PROBLEM DESCRIPTION =
Beginning with the first line, return the material verbatim and without pictures.

DATA EXTRACT =
------------------------------------------------
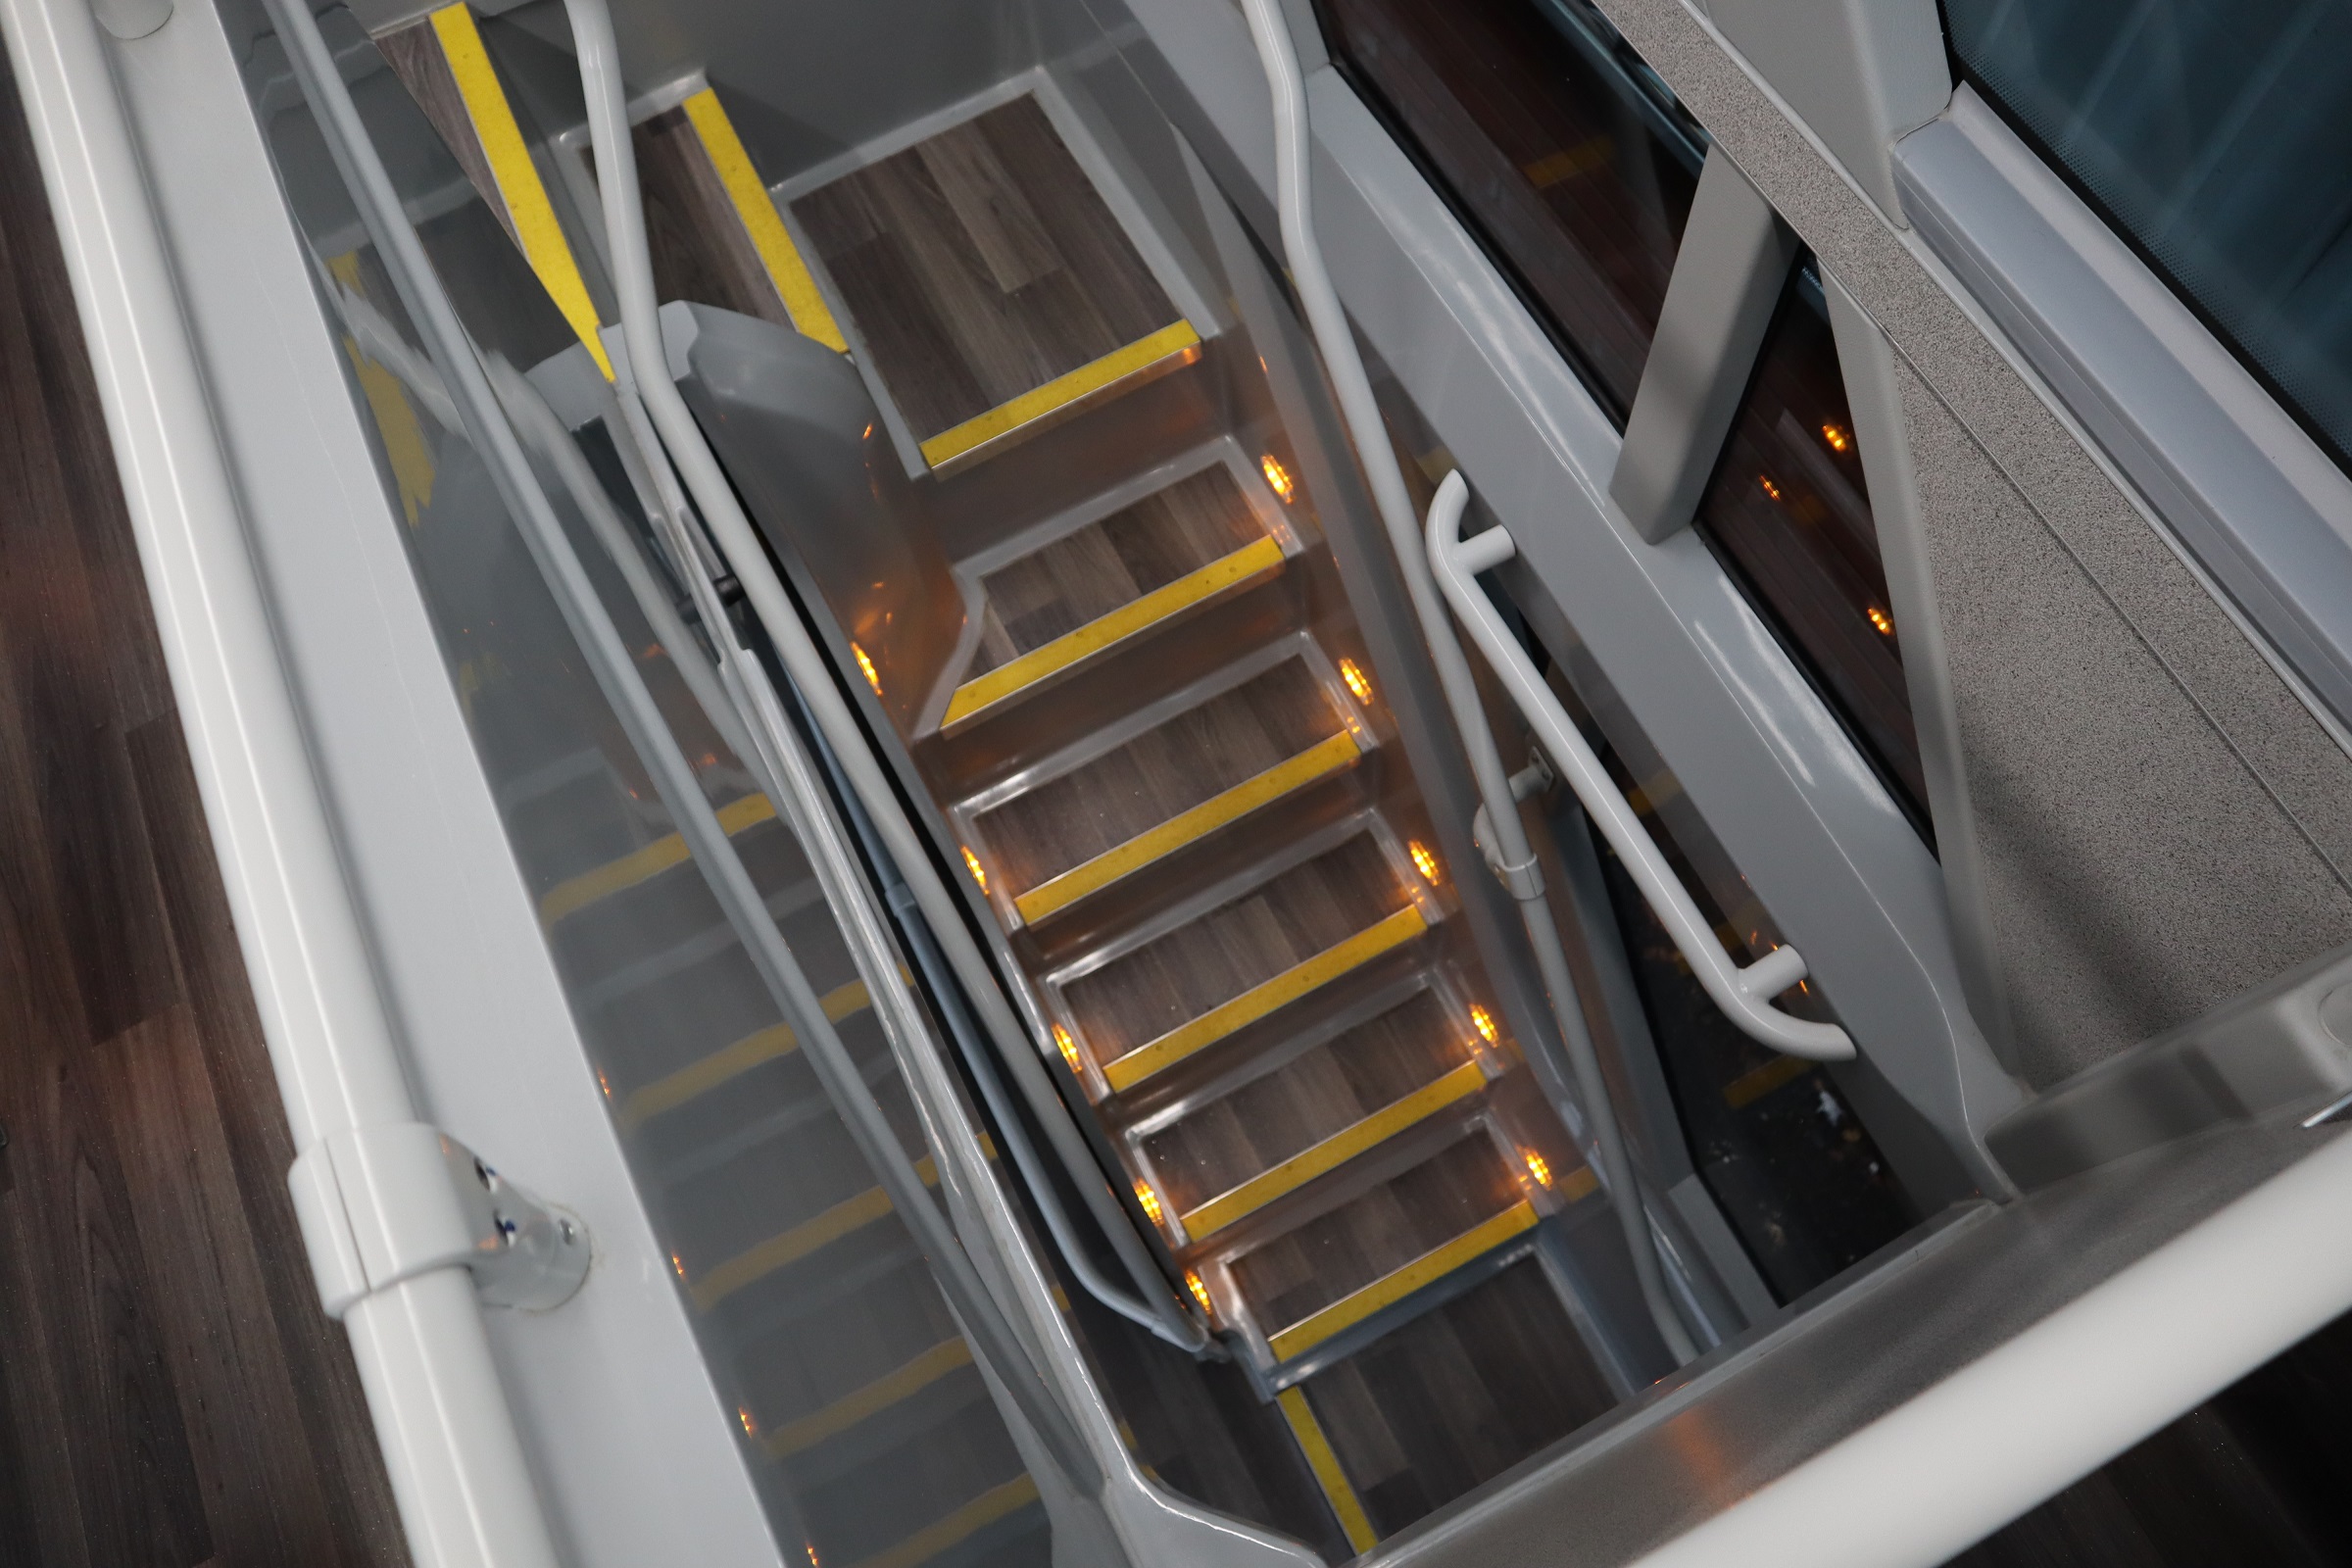 Staircase on double decker bus
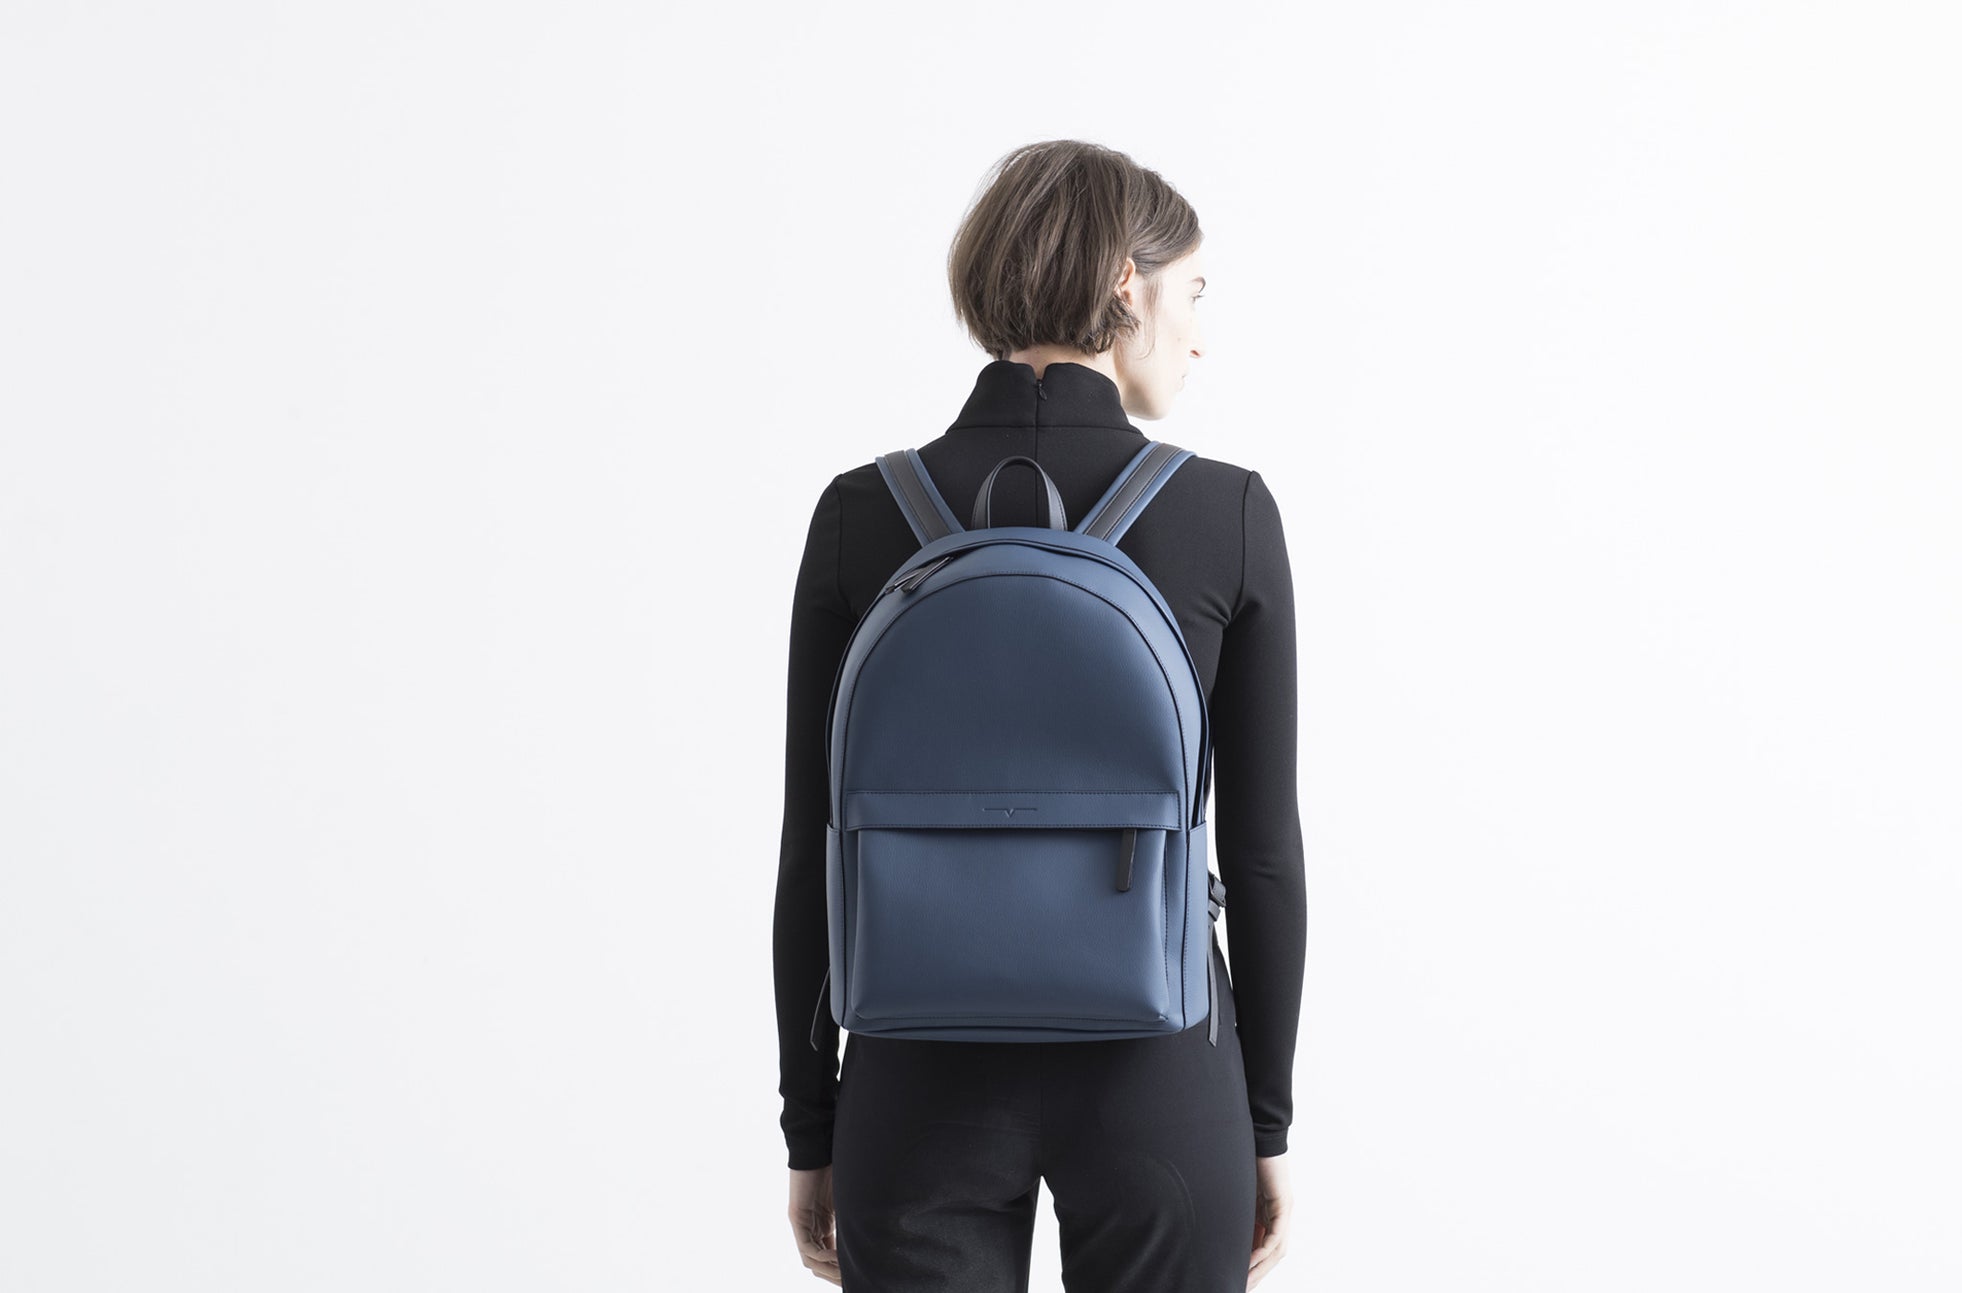 The Classic Backpack in Technik in Denim and Black image 9
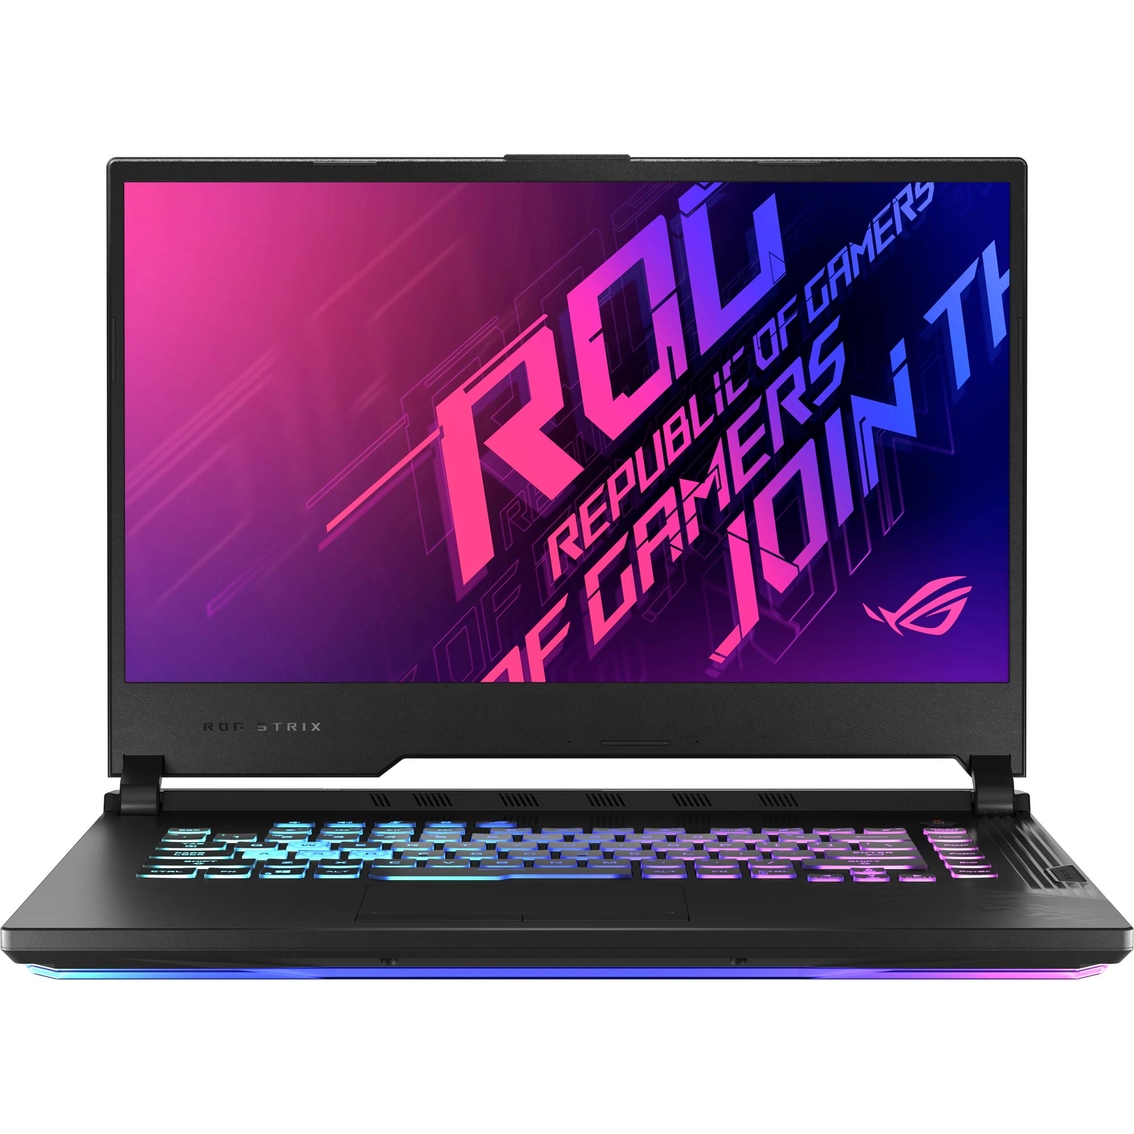 Asus Rog Strix 15 15.6 In. Intel Core I7 2.6ghz 16gb Ram 512gb Ssd Gaming Notebook | Gaming Laptops | Holiday | Shop The Exchange
------------------------------------------------
OUTPUT FOR THIS TASK =
 Staircase on double decker bus
 The Classic Backpack in Technik in Denim and Black image 9
 Asus Rog Strix 15 15.6 In. Intel Core I7 2.6ghz 16gb Ram 512gb Ssd Gaming Notebook | Gaming Laptops | Holiday | Shop The Exchange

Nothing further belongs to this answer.